Task instructions. Skip the pictures and give back the rest of the listing exactly.

Source material.

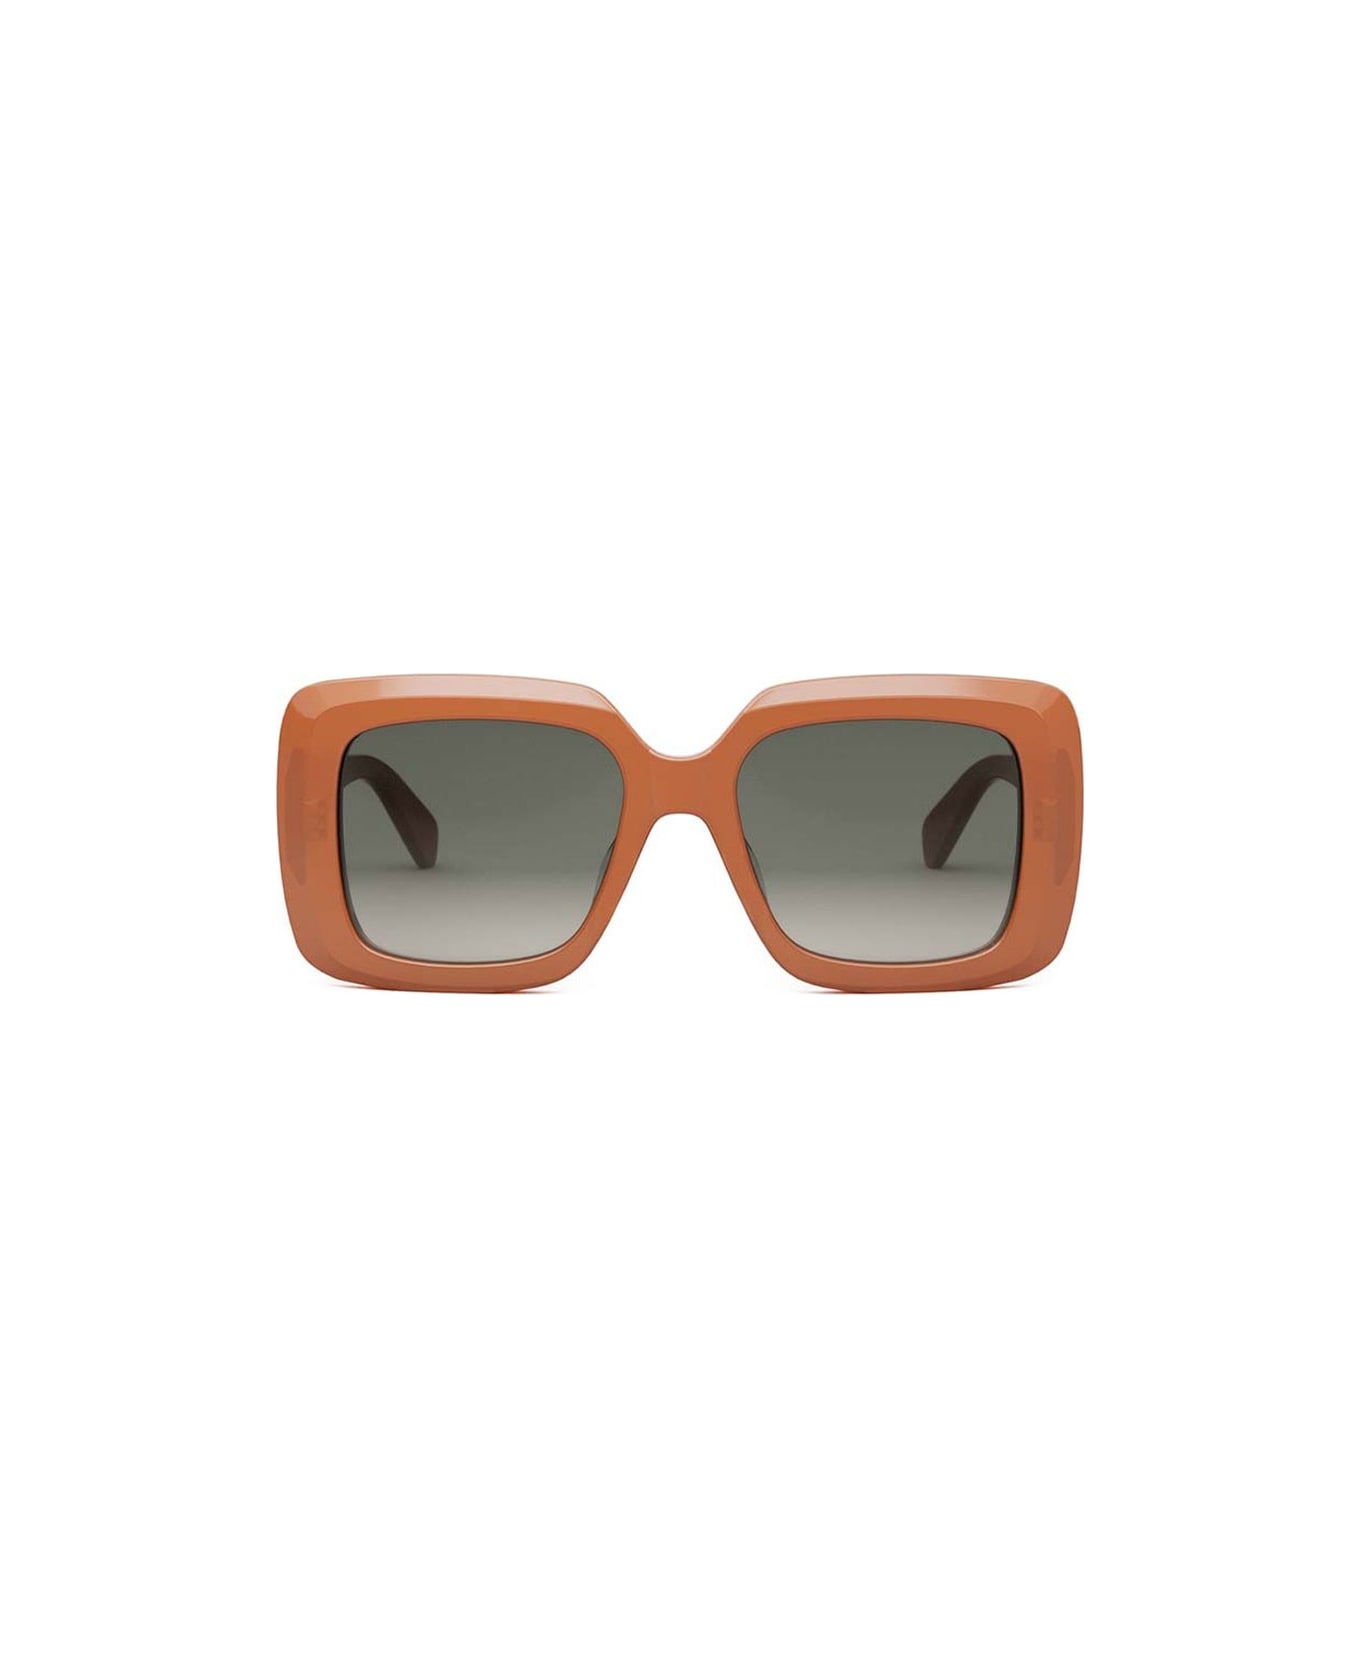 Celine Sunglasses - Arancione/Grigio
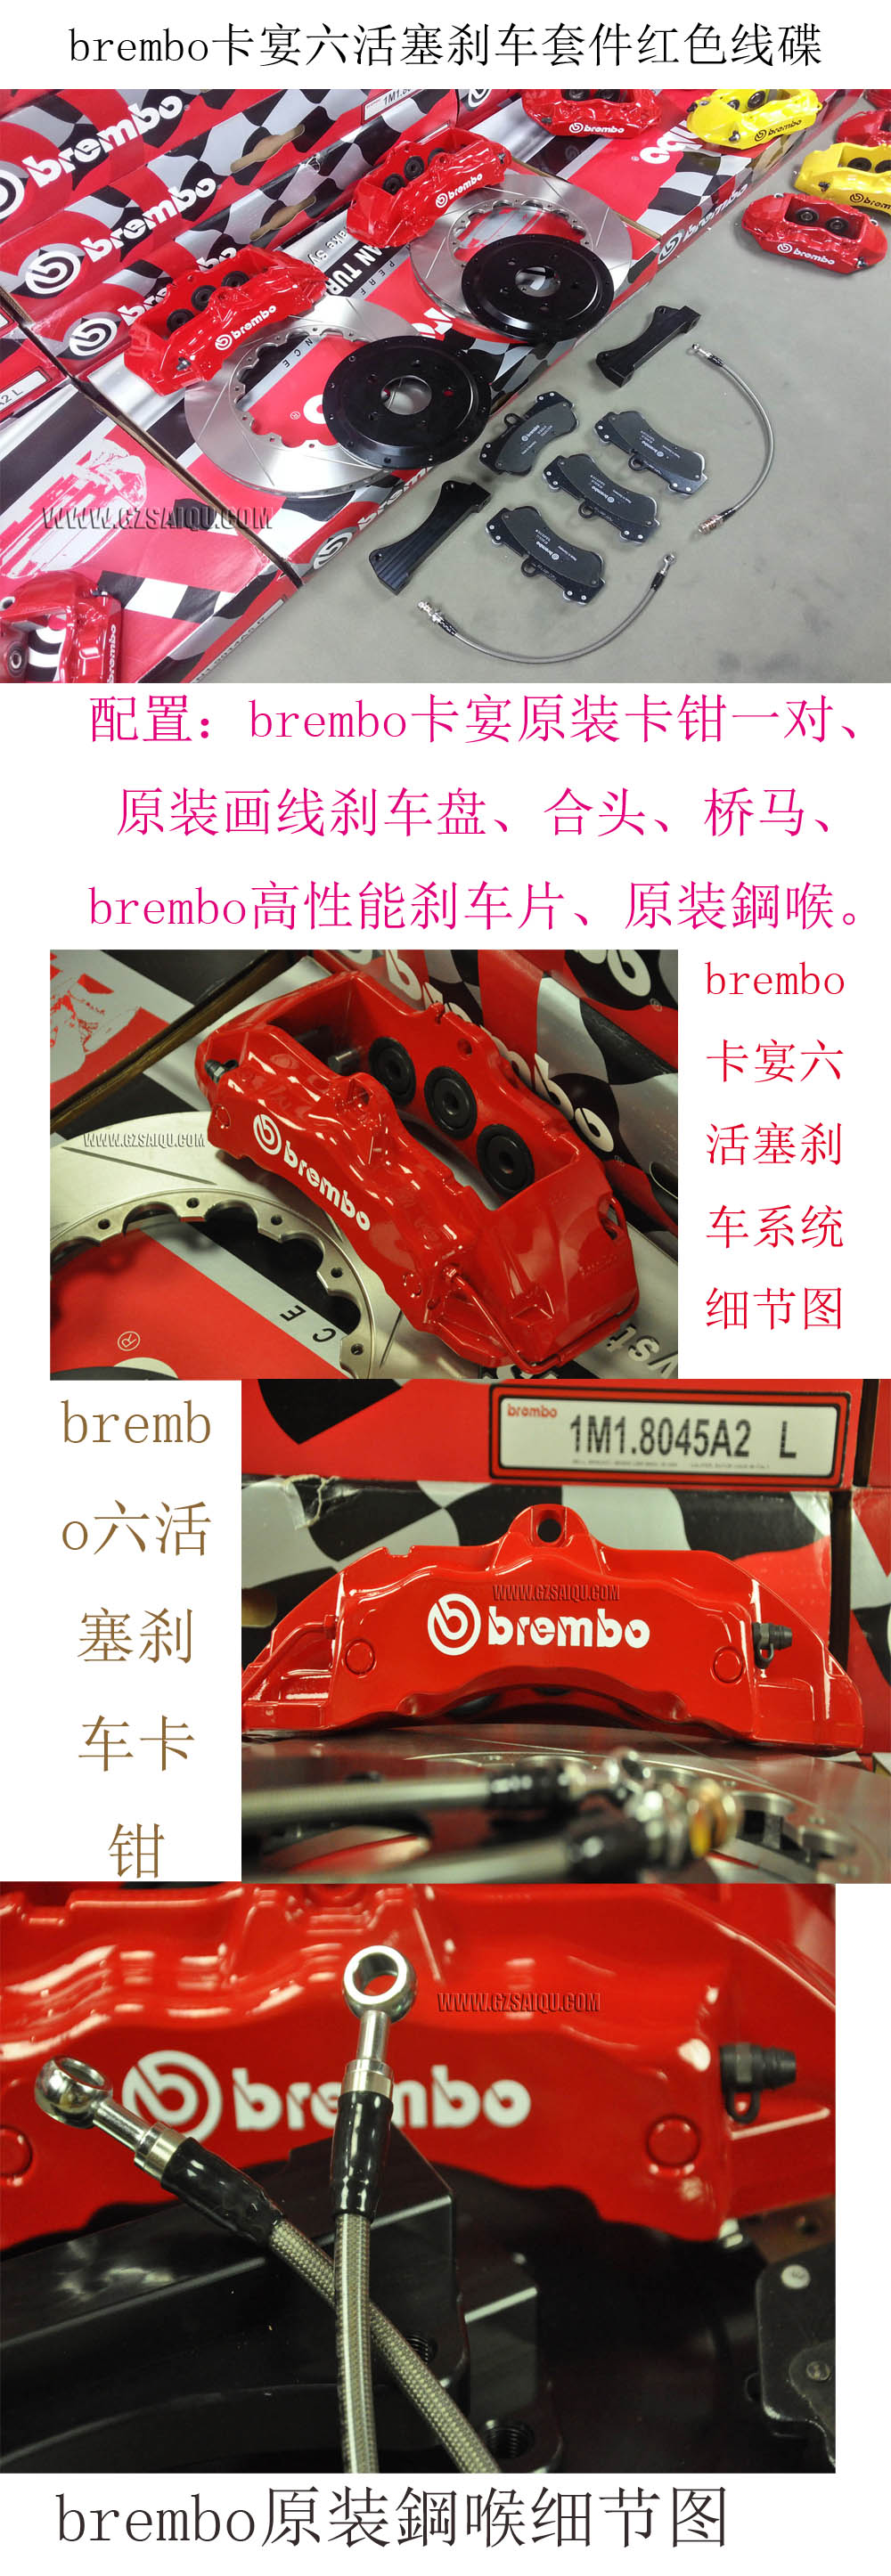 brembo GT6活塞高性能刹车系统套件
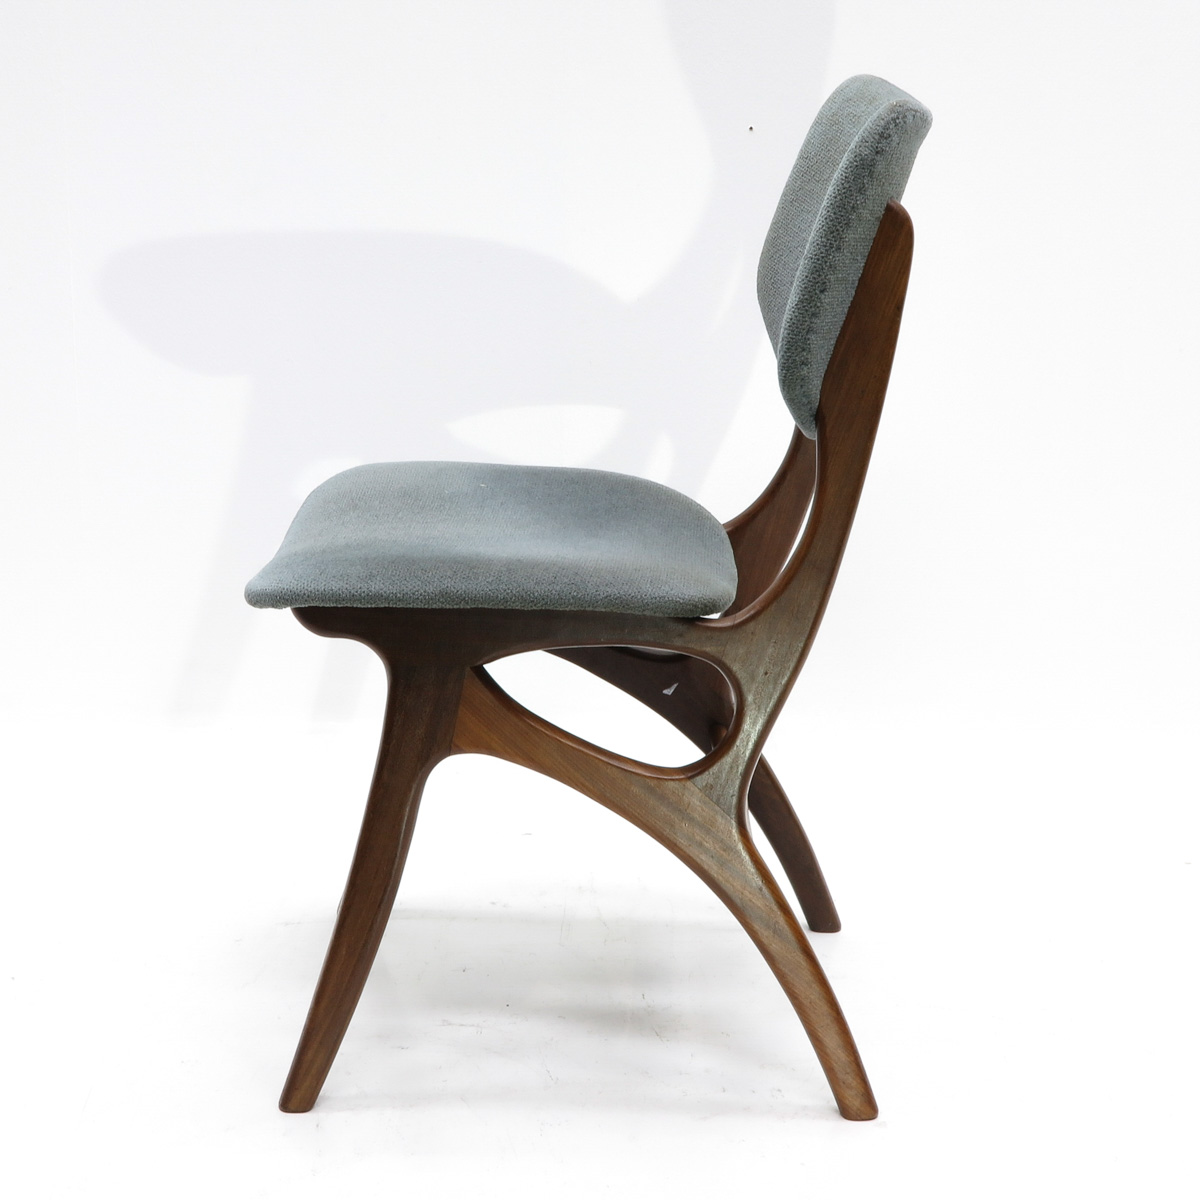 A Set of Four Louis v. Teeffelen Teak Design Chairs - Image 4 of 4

Reply to the exercise.
 Celine Sunglasses - Arancione/Grigio
 brembo GT6活塞高性能刹车系统套件
 A Set of Four Louis v. Teeffelen Teak Design Chairs - Image 4 of 4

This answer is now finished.